Я подошел к ресторану, стоящему на самом краю горы. С террасы открывался еще более прекрасный вид на залив и город. Под звяканье приборов официанты, с сигаретой в зубах, накрывали к завтраку столы. Я подумал, что вернусь сюда к ланчу, однако так и не сделал этого, потому что в музее Мартино позабыл обо всем и пробыл там до четырех часов, до самого закрытия. В этот момент, обнаружив, что страшно проголодался, вошел в скромную маленькую тратторию, где спросил свое любимое неаполитанское блюдо — моццарелла-ин-кароцца. Это — аналог валлийских гренков с сыром, приготовленным из молока буйволицы. Я еще не упоминал моццареллу, а следовало бы. Отели слишком важные заведения, чтобы ставить это блюдо в свое меню.
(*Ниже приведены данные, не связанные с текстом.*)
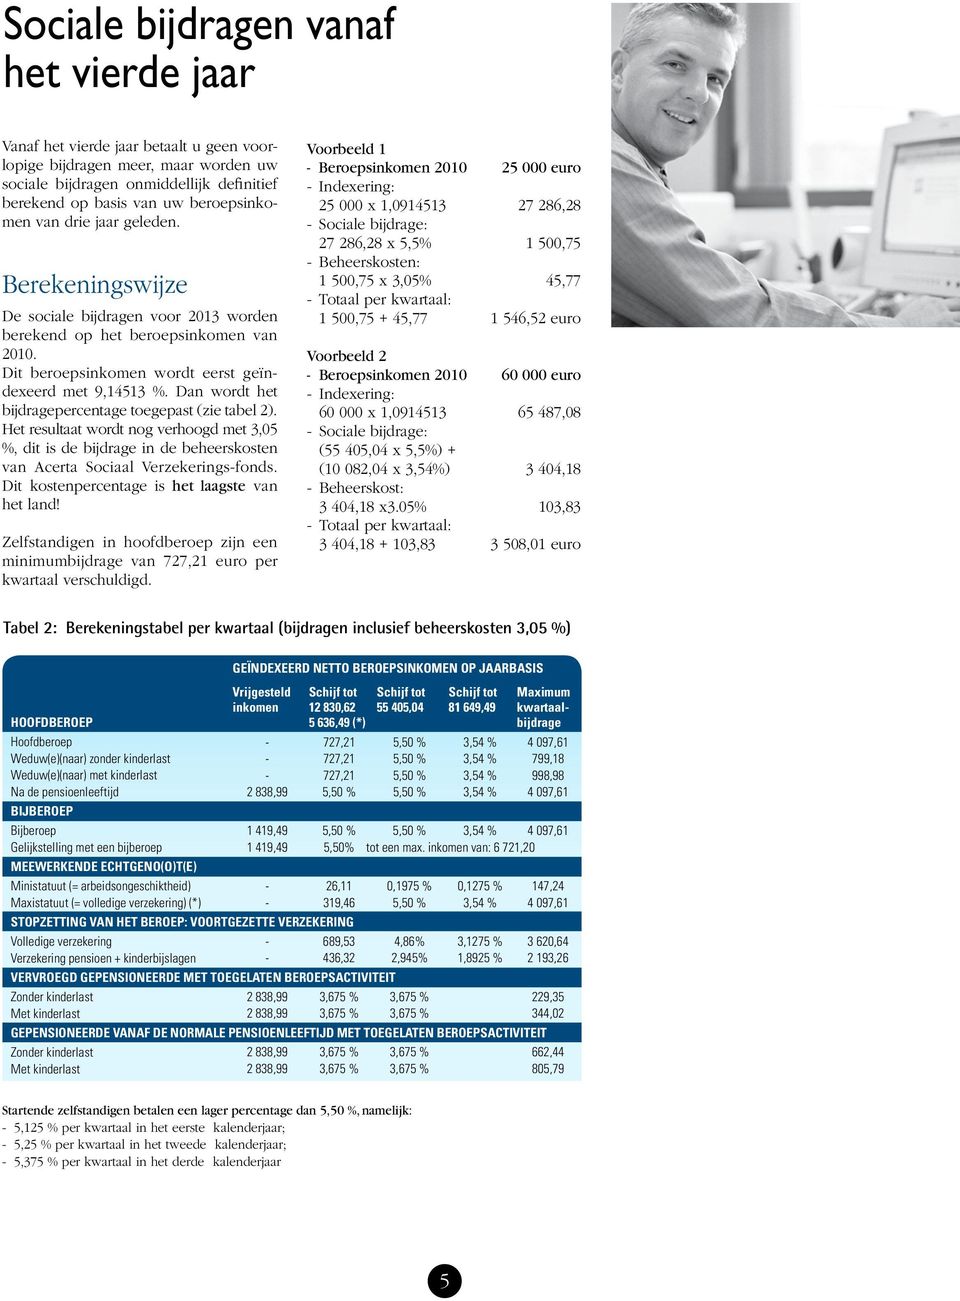 Dan wordt het bijdragepercentage toegepast (zie tabel 2). Het resultaat wordt nog verhoogd met 3,05 %, dit is de bijdrage in de beheerskosten van Acerta Sociaal Verzekerings-fonds.

Если вы спросите его в модном ресторане, смущенный официант отреагирует так, как если бы вы заказали в «Ритце» что-то непотребное. Но моццарелла ин кароцца (в переводе «сыр в карете») стоит того, чтобы его попробовать, хотя вкус отличается в зависимости от места приготовления. Лучше всего он бывает в самых непрезентабельных ресторанах. Рецепты этого кушанья в книгах Колетт Блэк «Кухня Южной Италии» и «Итальянская кухня» Элизабет Дэвид более сложные, чем обычно, однако типичные для итальянской кухни. Элизабет Дэвид с неизменной своею мудростью пишет: «Моццареллу нужно есть абсолютно свежей, так чтобы из нее капала нахта… Если уж говорить правду, то настоящая моццарелла превращается в редкость. Причина проста: каждый год в Италии становится все меньше буйволов. Моццареллу заменяют фьор-ди-лате и скаморца — сыр из того же разряда, однако приготовлен он из коровьего молока, а потому в нем нет прежнего аромата».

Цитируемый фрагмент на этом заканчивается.